Objectives & Data analytic plan

The purpose of this study is to explore variables contributing to differences in student assessments of overall instructor quality from 2017-2019. Specifically, this study asks, “What instructor, student, and course variables predict overall evaluation of instructors?”

Data consists of 362,238 course evaluations, across four semesters (Fall 2017, Spring 2018, Fall 2018, Spring 2019) analyzing one question about overall instructor quality from the UB student survey: “Overall, this instructor was (Very Poor, Poor, Fair, Good, Excellent, or Not applicable).” We investigated Instructor, Student, and Course variables to determine whether they explained differences of overall instructor quality rating scores using a hierarchical linear regression analysis. 

Results

Instructor, Student, and Course variables represented 2.9% of the variability in overall instructor quality scores. The following variables were associated with significantly higher instructor quality scores:

Instructor variables

  • Younger, female, White and non-tenure track instructors were scored higher. 
  • Female students rated female instructors higher than male instructors, whereas male students did not significantly differentiate between male or female instructors.

Student

  • Older students, female students, students with higher GPAs, and non-White students gave higher overall quality scores.

Course

  • Instructors got higher scores when they taught lower enrollment courses; the Course Levels of Graduate, Law, and Medical; the Course Types of Labs, Seminars, and Lectures; and the Course Mode of In-Person classes. 

Implications

It is common with large samples for variables to appear statistically significant while explaining relatively little amounts of variance in an outcome. Consistent with this, together, all variables accounted for only 2.9% of the variability in instructor scores.

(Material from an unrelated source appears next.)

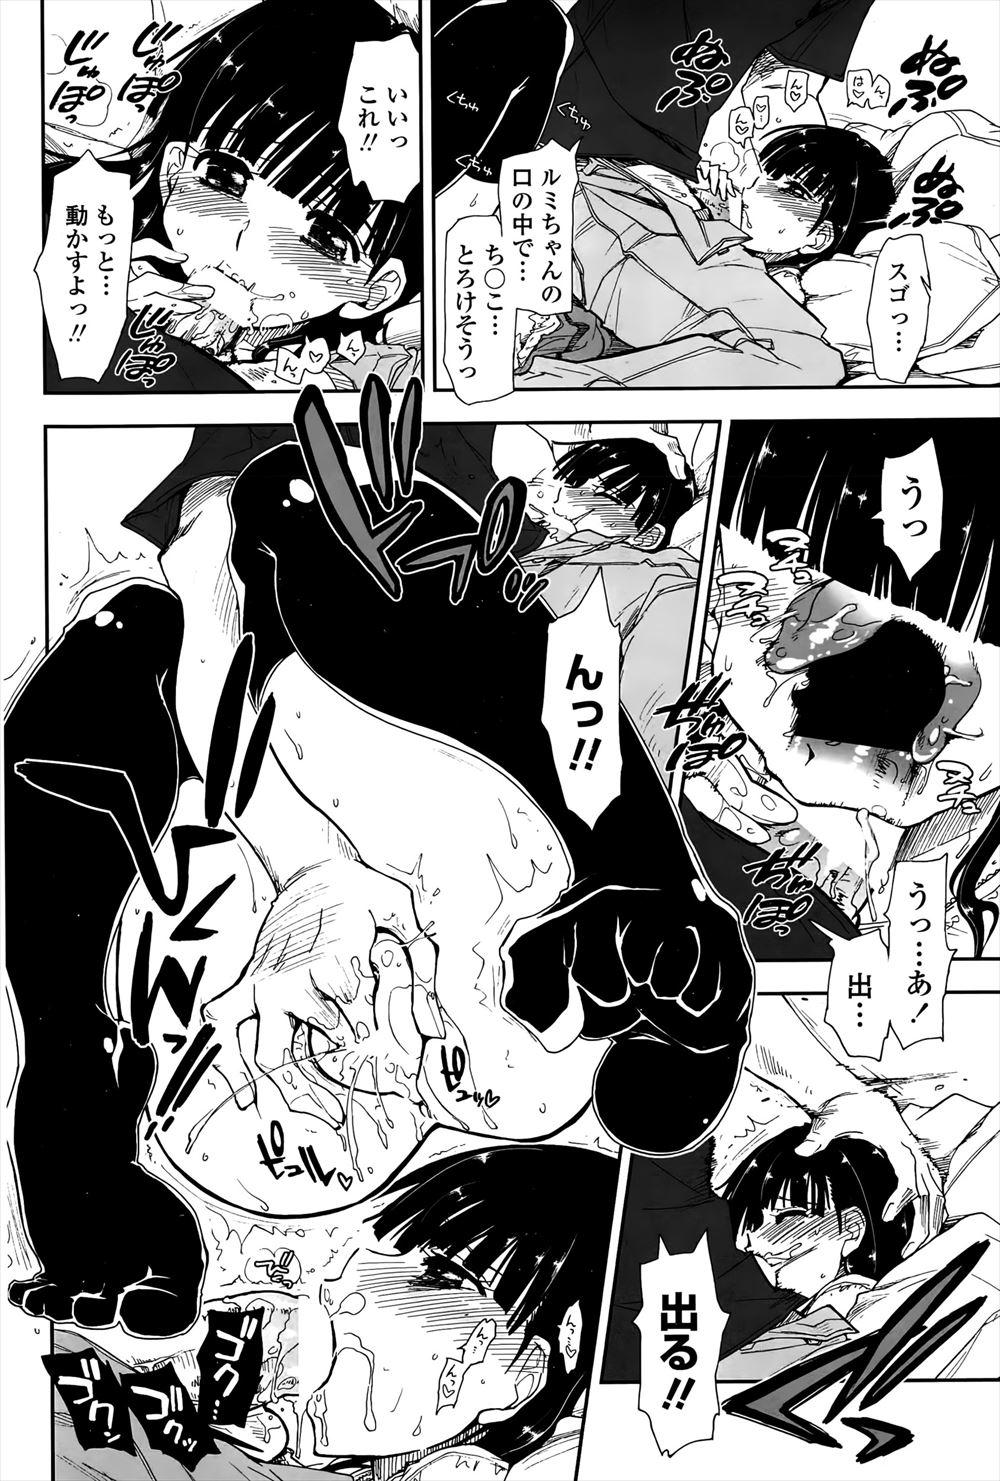 【エロ漫画・エロ同人誌】寝てる妹の横で巨乳娘とセックスしちゃってる兄w寝てると思ったら・・・ (2)

While students rated faculty differently dependent on age, race, and gender, this does not sufficiently indicate bias. For example, female students may have rated female faculty higher and male faculty lower because their experiences differed from male students. It is also pertinent to acknowledge that White instructors were rated significantly higher than non-White instructors in these evaluations. Further surveys, interviews with students or observations are needed to begin to explain why there are these differences.

Appropriate interpretation of instructor overall quality scores requires two components:

  • Appropriate Comparisons: Whether by course size, type, level, delivery mode or past performance to determine whether outcomes are positive, negative, improving, etc.
  • Explanatory Data: Additional information that explains the why of course ratings (i.e., new course, traditionally difficult course, new teaching method introduced).